In this project Pascal VOC 2012 dataset was used to train the model. It is organized to download and prepare the dataset for training in the first run. However, if you need to use another dataset then the input pipeline needs to be modified. To change the default dataset you need to make some changes in the files VOC2012DataProvider.py
, readingFileEfficiently.py
, and VOC2012_npz_files_writter.py
. In Pacal VOC dataset the gorund truth is provided seperately in xml
files. For this resean, it is needed to write images and their corrensponding ground truth to a single file, .npz, in order to create image batches for efficient learning.
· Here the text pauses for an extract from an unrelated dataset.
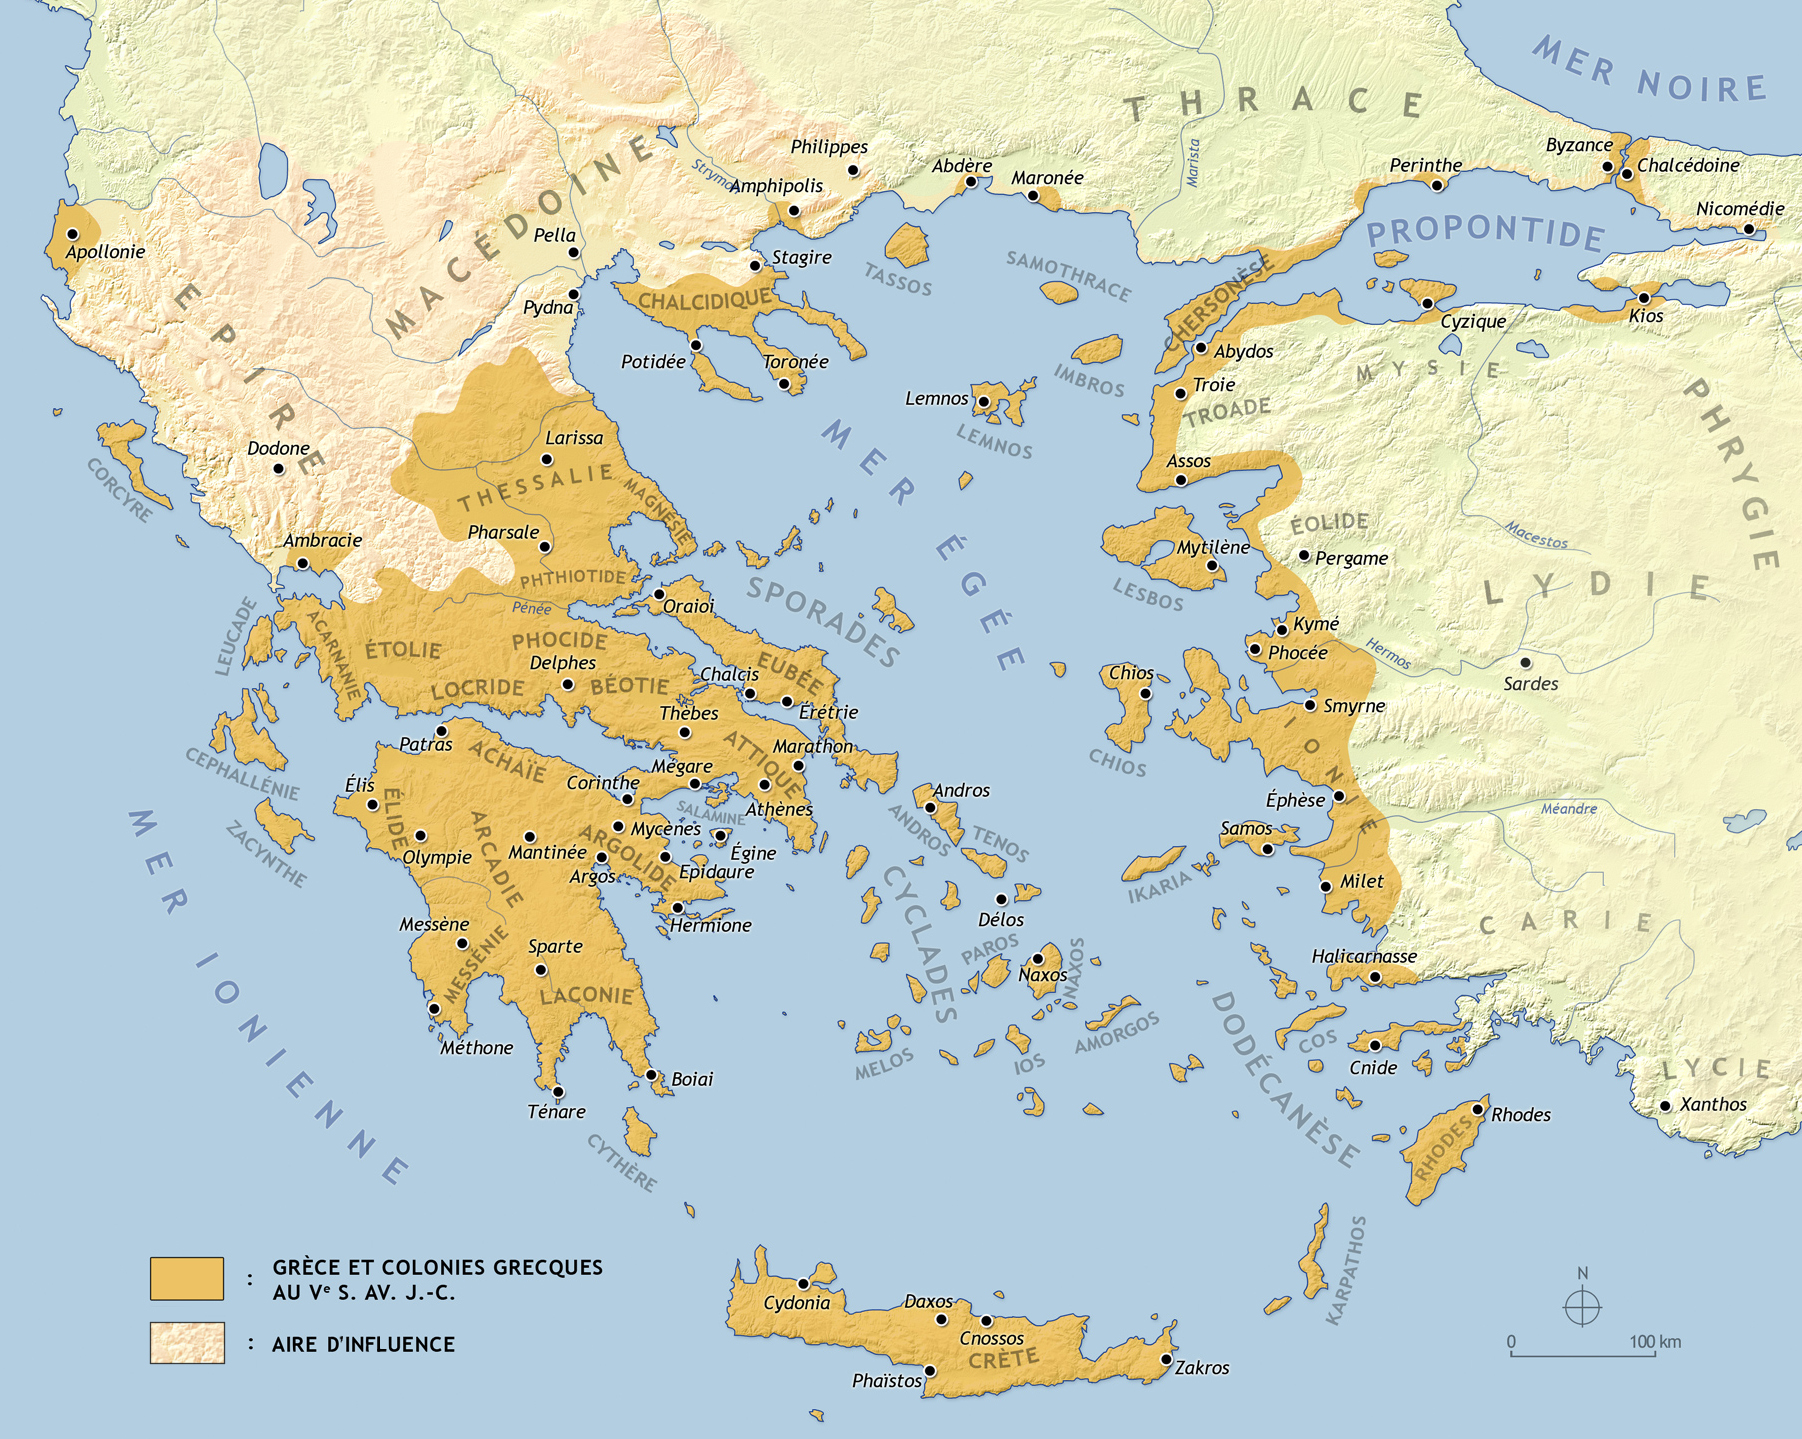 carte de la grece antique File:Carte Grece antique 02.   Wikimedia Commons

That is done by VOC2012_npz_files_writter.py
. Later .npz files are used by DQL.py
for training. Since Pascal VOC 2012 consists of 19386 images loading all images into memory makes trouble. For this, readingFileEfficiently.py
loads input images into memory in an efficient way. Further, VOC2012DataProvider.py
reads .npz files and provides datapoints to readingFileEfficiently.py
.
Having set up the environment, training can begin using run_training.py
. Its command line options is as follow:
usage: run_training.py [-h] [-n NUM_EPISODES] [-rms REPLAY_MEMORY_SIZE]
[-rmis REPLAY_MEMORY_INIT_SIZE]
[-u UPDATE_TARGET_ESTIMATOR_EVERY] [-d DISCOUNT_FACTOR]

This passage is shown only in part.